**EXERCISE:** Search the entries below for the word "This", then copy each line in which it is found.

**DATASET EXTRACT:**
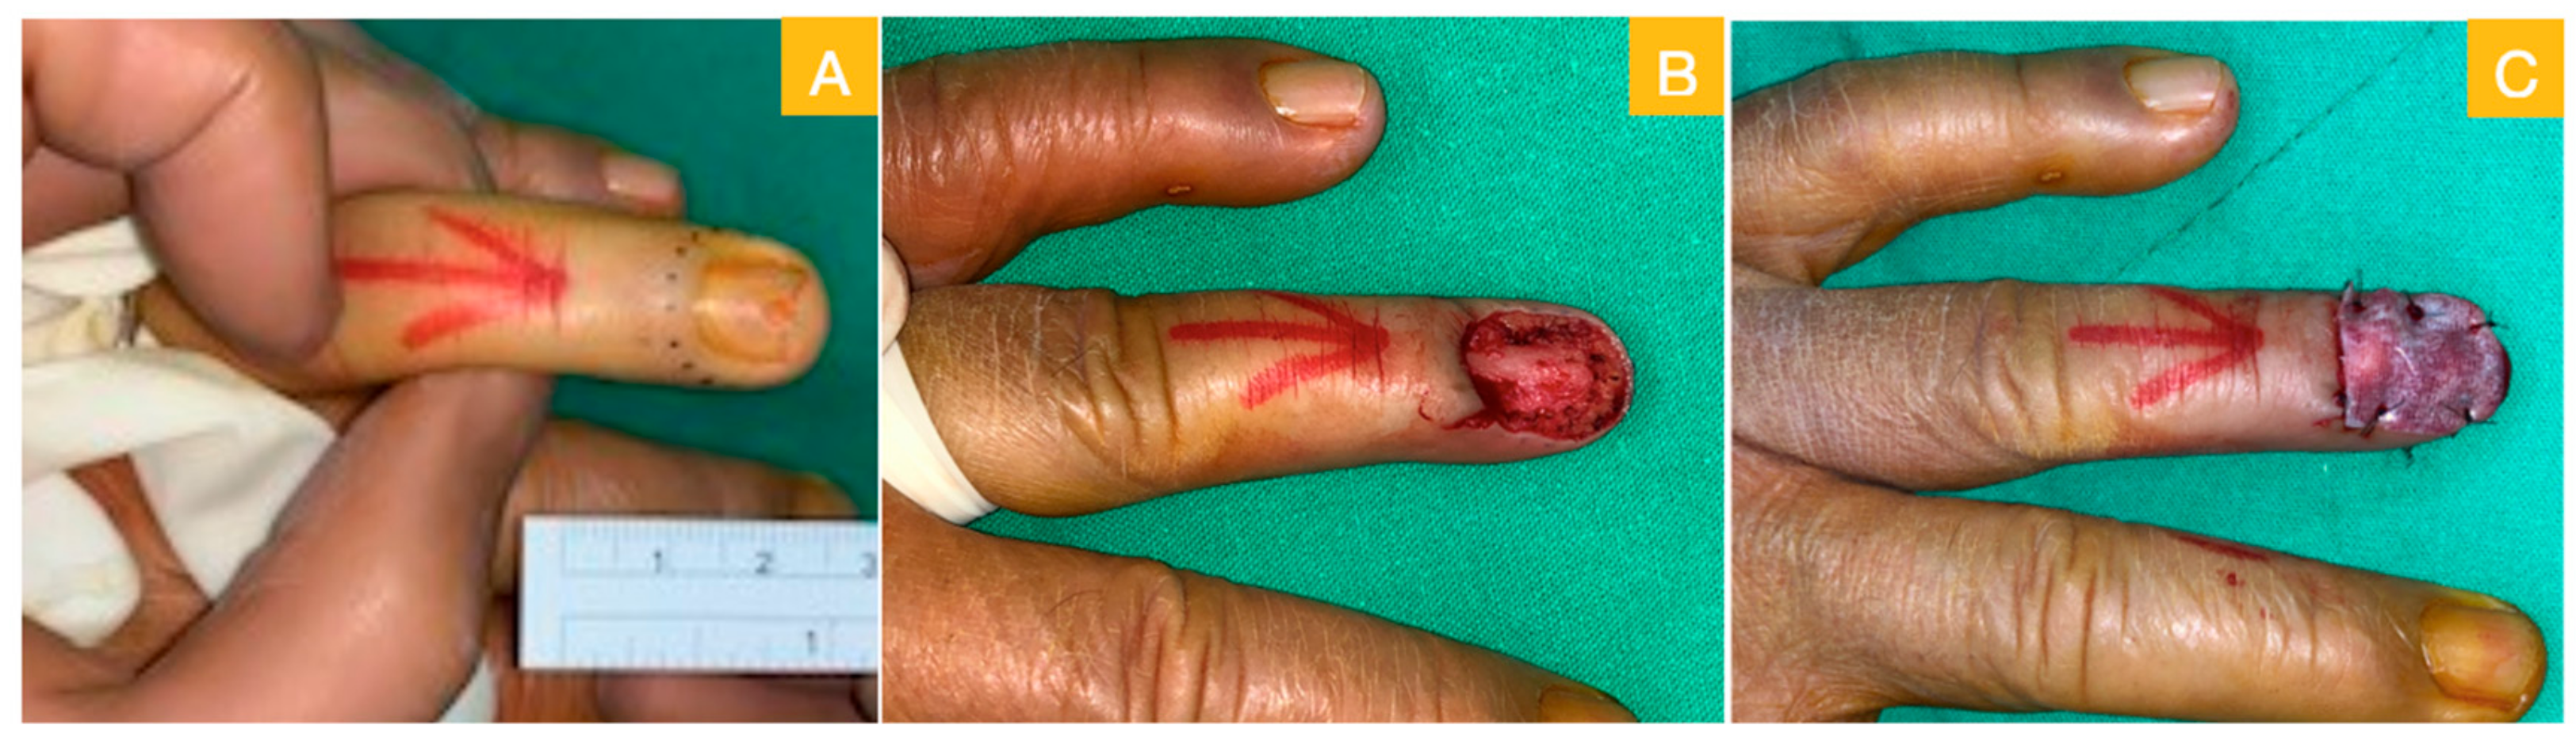 Medicina | Free Full-Text | Reconstruction for Defects of Total Nail Bed  and Germinal Matrix Loss with Acellular Dermal Matrix Coverage and  Subsequently Skin Graft
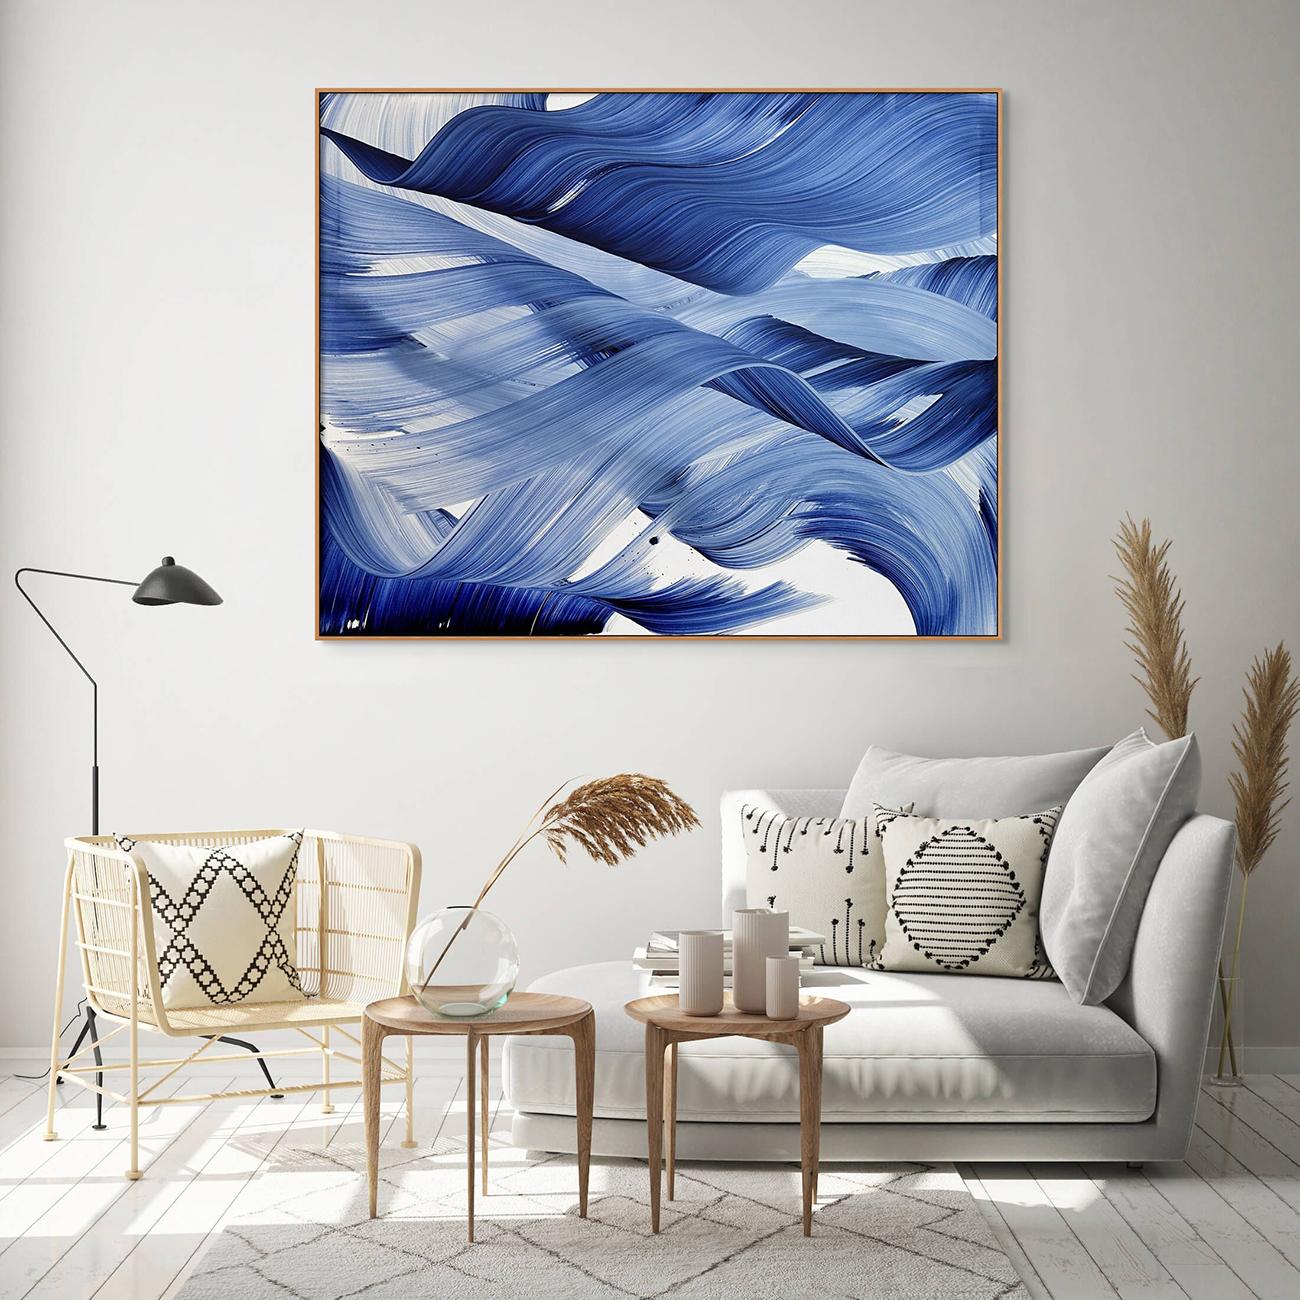 Sky Figurations (Abstract painting)
Acrylic on raw canvas — Unframed

This artwork will be shipped rolled in a dent-resistant tube.
This method is especially safe for large works, and provides lower shipping costs as well.
Rolled works can be easily
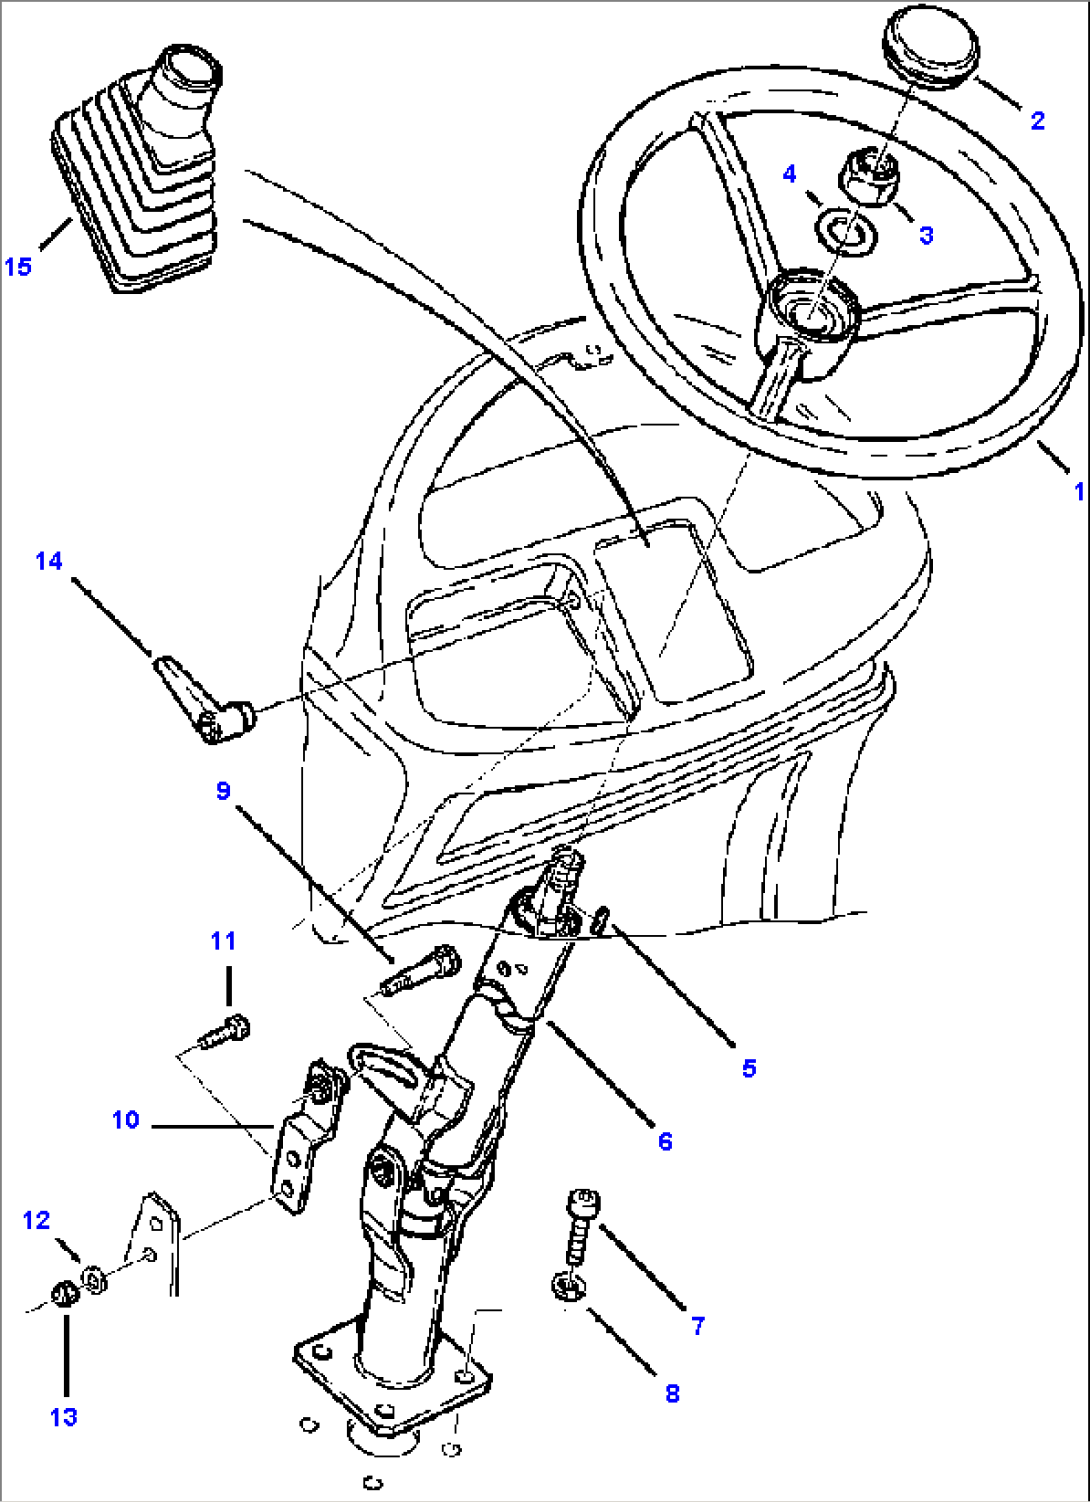 FIG. K6000-01A0 CAB STEERING WHEEL AND COLUMN
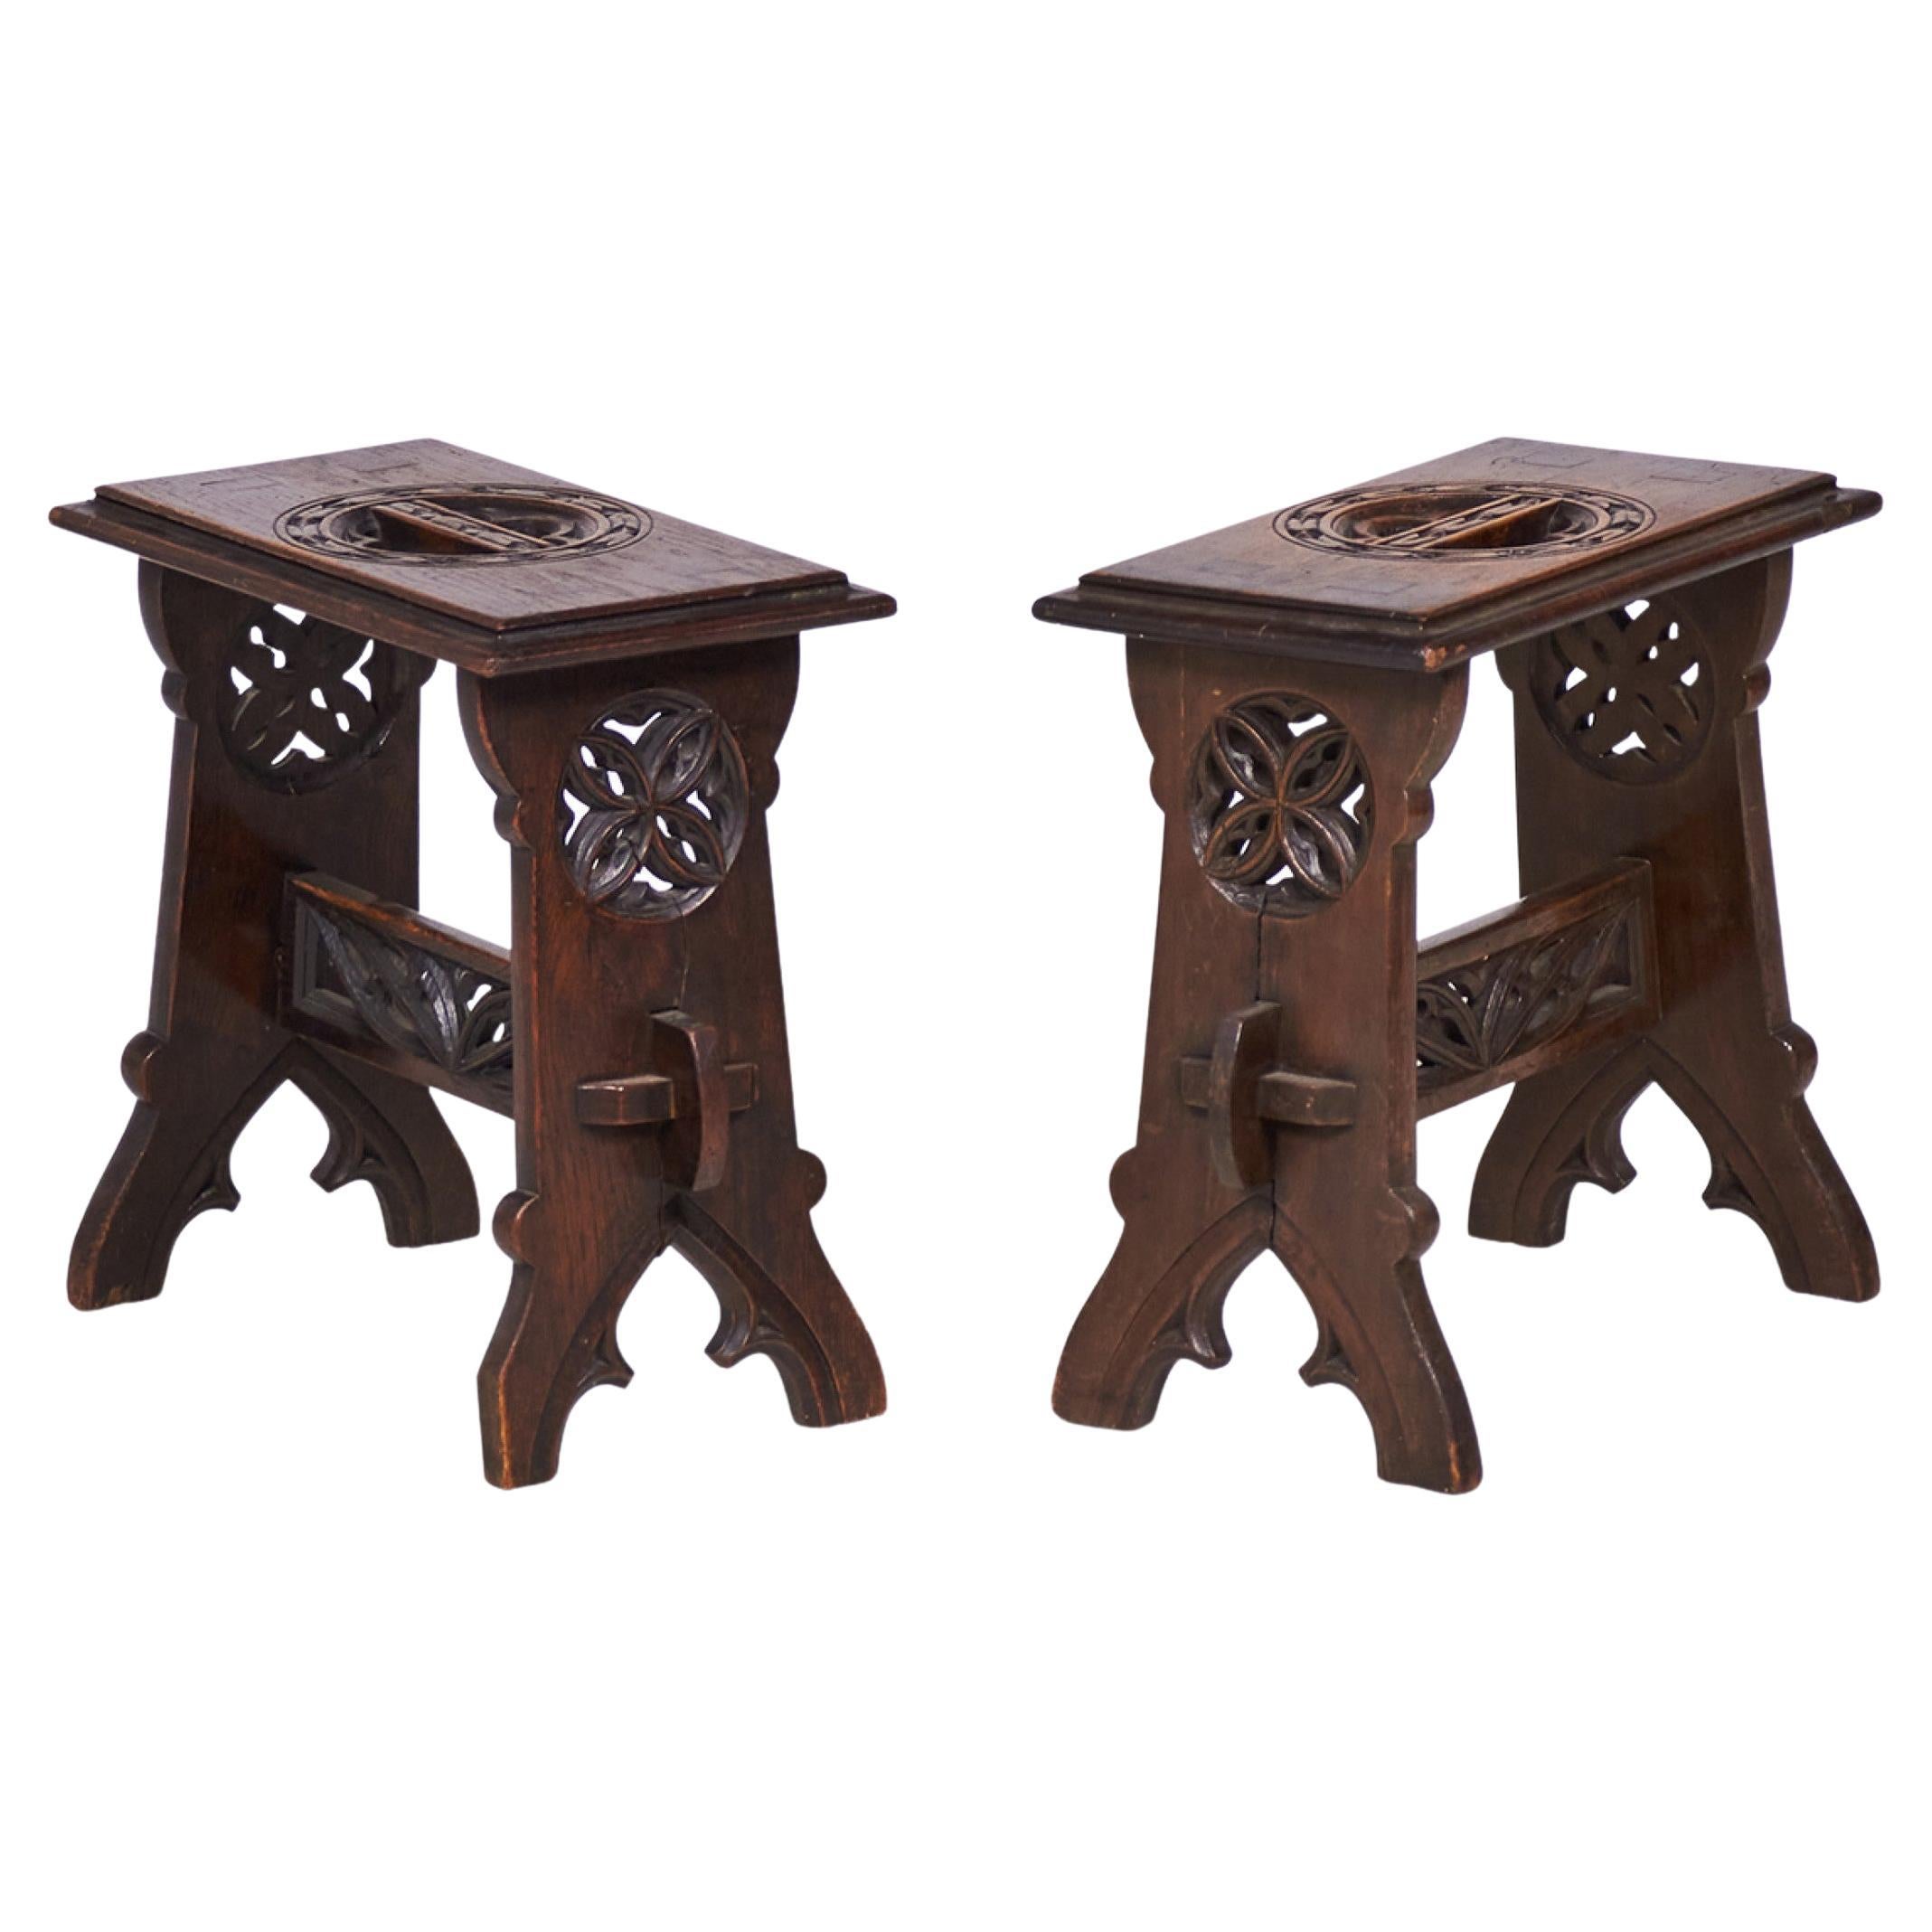 Pair of English Gothic Style Carved Rectangular Mahogany Benches

**SOLUTION TO THE PROBLEM:**
This artwork will be shipped rolled in a dent-resistant tube.
This method is especially safe for large works, and provides lower shipping costs as well.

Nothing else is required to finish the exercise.